Author response to comment on: Alopecia in multiple sclerosis patients treated with disease modifying therapies

Dear Editor

We thank Goischke for the valuable comments, interest and discussions of alopecia, multiple sclerosis, vitamin D, and alemtuzumab. The correspondence entitled “Alemtuzumab-Induced Secondary Autoimmune Diseases in Multiple Sclerosis Therapy –Target of Vitamin D Supplementation?” provides insights into a possible risk mitigation strategy for immune mediated alopecia. ¹

Vitamin D’s role in autoimmunity is certainly a topic of great scientific interest. The role of vitamin D insufficiency, mainly in childhood, is heavily studied as a risk factor for developing multiple sclerosis (MS). ² Several mechanisms have been proposed, including the interaction with other risk factors, such as Epstein Barr Virus (EBV) infection.^2,3 In contrast, the role of vitamin D in MS progression and relapses is controversial. Several studies have failed to show favorable effects of vitamin D supplementation on MS progression or relapse reduction while others suggested a possible inverse association with MS disability.^4,5 However, many of these studies are classified as “low evidence” studies due to limitations in study design, including short study durations, small sample sizes, insensitive assessment tools, and poor control for confounding factors. However, an association between lower seasonally adjusted, serum vitamin D and higher disability was detected when a study with a longer follow-up duration (10 years) was pursued. ⁶

The association between vitamin D and the immune system is indisputable. Several lines of evidence support the benefits of vitamin D to the health of the immune system, and many lines of evidence support the notion that vitamin D insufficiency is a major risk factor for autoimmune diseases, including MS.^2,7

Alemtuzumab is an antiCD52 monoclonal antibody that received FDA approval to treat relapsing forms of MS in November of 2014. ⁸ Alemtuzumab is considered a highly effective treatment for relapsing MS, but because of its safety profile, it is generally reserved for patients who failed two or more disease-modifying therapies. ⁸ One of the major safety concerns with alemtuzumab is the development of secondary autoimmunity. Examples may include alopecia and other autoimmune disorders, some of which are potentially fatal such as thyroid disease (e.g., Graves' disease), immune cytopenia, and anti-glomerular basement membrane disease. ⁸ In the correspondence letter, Goischke suggests and advocates for vitamin D supplementation as a risk mitigation strategy for alemtuzumab-induced autoimmunity. ¹ The theoretical concept is of interest, but supporting evidence is lacking from clinical studies. However, does the absence of evidence equal evidence of absence? In one prospective study, investigators failed to observe an association between vitamin D insufficiency and alemtuzumab-induced autoimmunity. ⁹ The authors found that the female sex was the only associated risk factor with alemtuzumab-induced autoimmunity in their cohort. ⁹ Apart from anecdotes, no other studies to our knowledge specifically examined this potential association. While there are no clinical studies that proved the role of vitamin D supplementation in preventing secondary autoimmunity in alemtuzumab-treated MS patients, we agree with Goischke that vitamin D supplementation is generally safe and accessible to patients. Also, we advocate for vitamin D supplementation in general for people with MS including those treated with alemtuzumab.

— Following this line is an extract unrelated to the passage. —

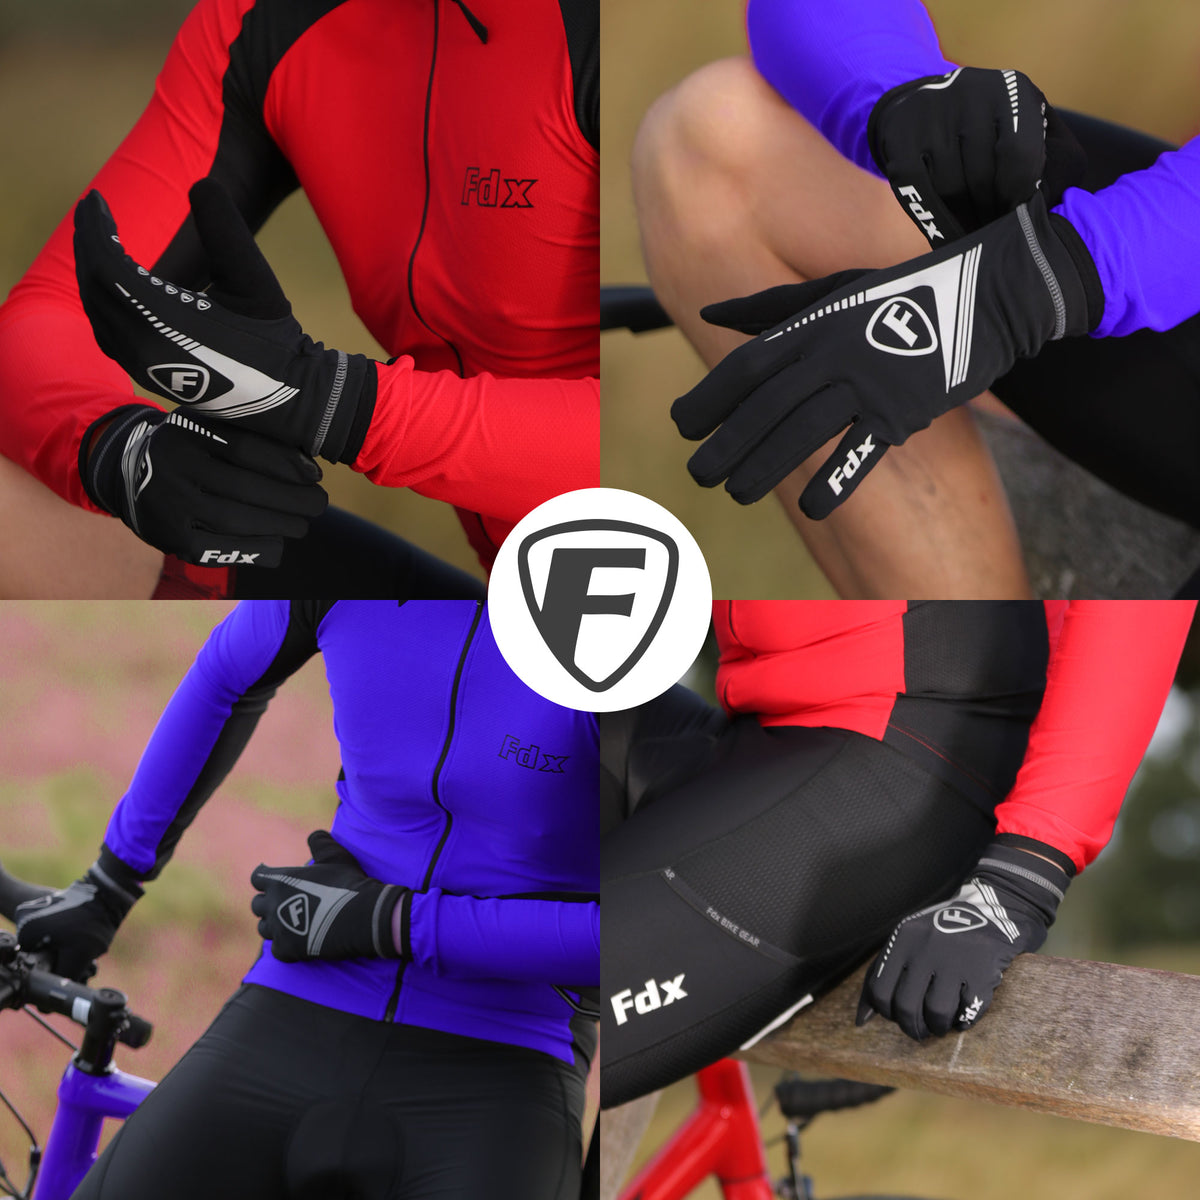 Fdx Frost Full Finger Winter Cycling Gloves Yellow, Red & Black

Another area of interest but scarce research is the approach of administering rituximab or other B cell depleting agents in close timing following alemtuzumab infusion to prevent secondary autoimmunity. In a small pilot study, the investigators administered low doses of rituximab when B cell percentage recovered to 40-50% of baseline following alemtuzumab treatment. ¹⁰ A total of 10 patients were studied, and none developed secondary autoimmunity. ¹⁰ However, a single-arm study with small sample size is insufficient to provide evidence to guide clinical practice. The rationale was based on the immune dynamics of the B cells following depletion by an antiCD52 agent, where a rebound (overshoot) of B cells was observed and correlated with developing secondary autoimmunity following alemtuzumab treatment.

Finally, we agree with Goischke that mitigation strategies for alemtuzumab-induced secondary autoimmunity are lacking, and further studies of high dose vitamin D supplementation or subsequent B cell depleting agent administration are needed. Alemtuzumab is considered a highly effective agent for treating relapsing forms of MS, and its use is limited by safety concerns, primarily the potential for developing secondary autoimmunity. Effective and proven risk mitigation strategies are needed, and we share Goischke’s comment on calling for further research and implementation of relatively safe potential strategies.